Pentagone de bouteilles vides
Au-delà des liens entre art et industrie, plusieurs installations semblent questionner, on y revient, l’empreinte humaine. Nora Schmidt, dans une intervention tout en finesse visible à plusieurs endroits du parc de Szilassy (Aveugle), recouvre les cicatrices des arbres d’une plaque en aluminium. Les stigmates des coupes réalisées par la main humaine deviennent alors des miroirs proposant de beaux effets de lumière. Antenne géante en acier, 50 G voit Denis Roueche évoquer de manière littérale la manière dont l’essor de la technologie a depuis les débuts de l’ère industrielle profondément transformé le paysage. Eva Theytaz propose de son côté, avec Inverse, une mosaïque en forme de pentagone constituée de centaines de bouteilles en verre plantées à l’envers dans le sol. Le soustexte écologique est évident, comme lorsque Beatrix Sitter-Liver place à même le sol plusieurs Flaques en bois laqué et polystyrène pour symboliser l’assèchement des sols.
D’autres propositions sont plus mystérieuses. Deux robes rouges figées, l’une debout, l’autre volant dans les arbres (Anja Luithle, Twins, die Stehende, die Schwebende) paraissent privées des princesses – ou sorcières, c’est selon – qui les habitaient. Un sort invisible semble les lier.
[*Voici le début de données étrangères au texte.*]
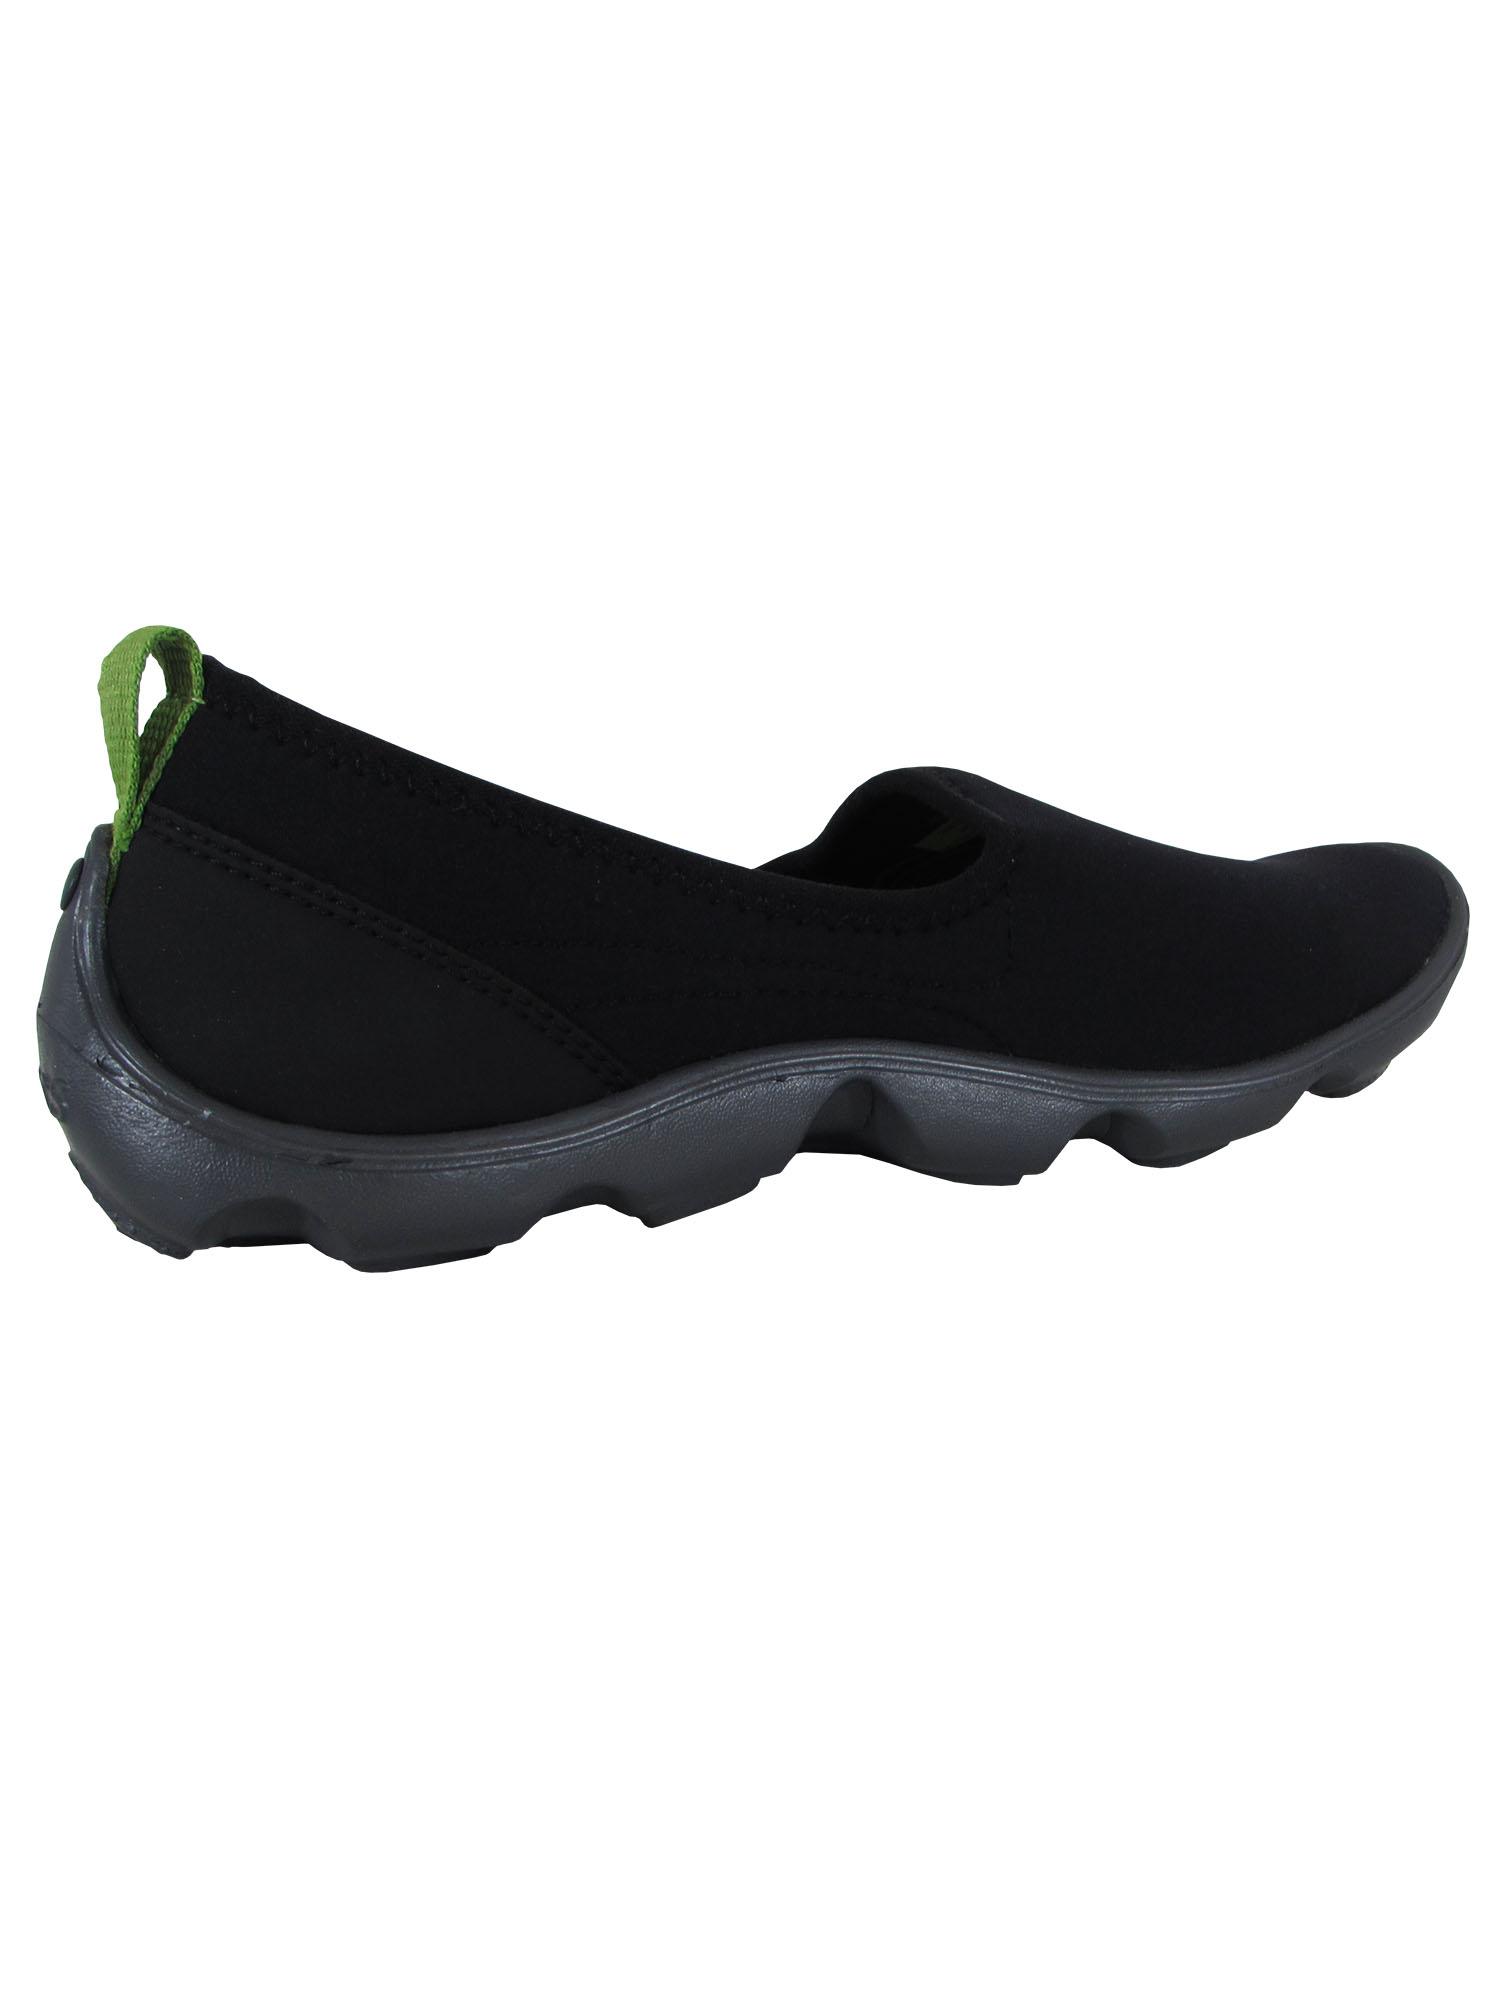 Crocs-Womens-Duet-Busy-Day-Skimmer-Flat-Shoes thumbnail 4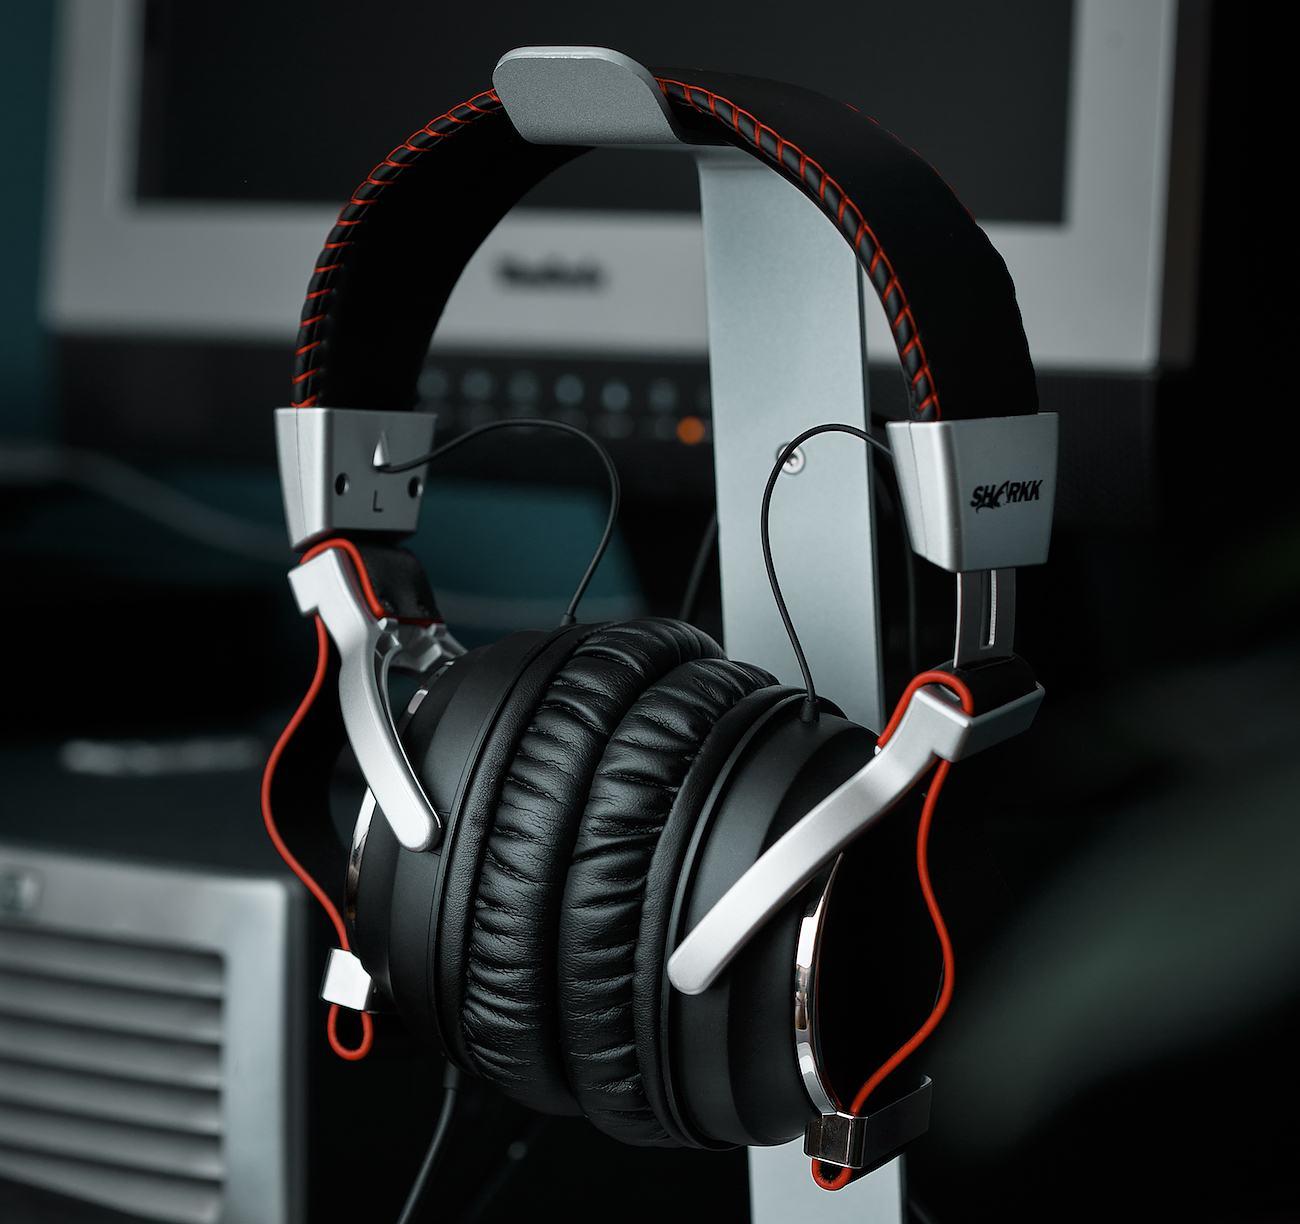 Sharkk Bravo Headphones – 10x Better Sound Quality

Ailleurs, sous les branches d’un arbre imposant, un mannequin, aiguille géante à la main, est ligoté par un épais cordage (Nicole Dufour, Maîtrise). «Cette sculpture est une revendication du féminin, du sacré», écrit l’historienne de l’art Nayansaku Mufwankolo. Placé à l’entrée mais à visiter plutôt en fin de parcours, Le Quartier des fous est un vaste cube accroché à la pente. Une fois à l’intérieur, la notion de gravité et d’équilibre est mise à mal par la manière dont Olivier Estoppey brouille nos repères physiques à l’aide de perspectives biaisées. Son imposant bloc de ciment ne semble pas à sa place, incarnant parfaitement les dérives de l’industrialisation.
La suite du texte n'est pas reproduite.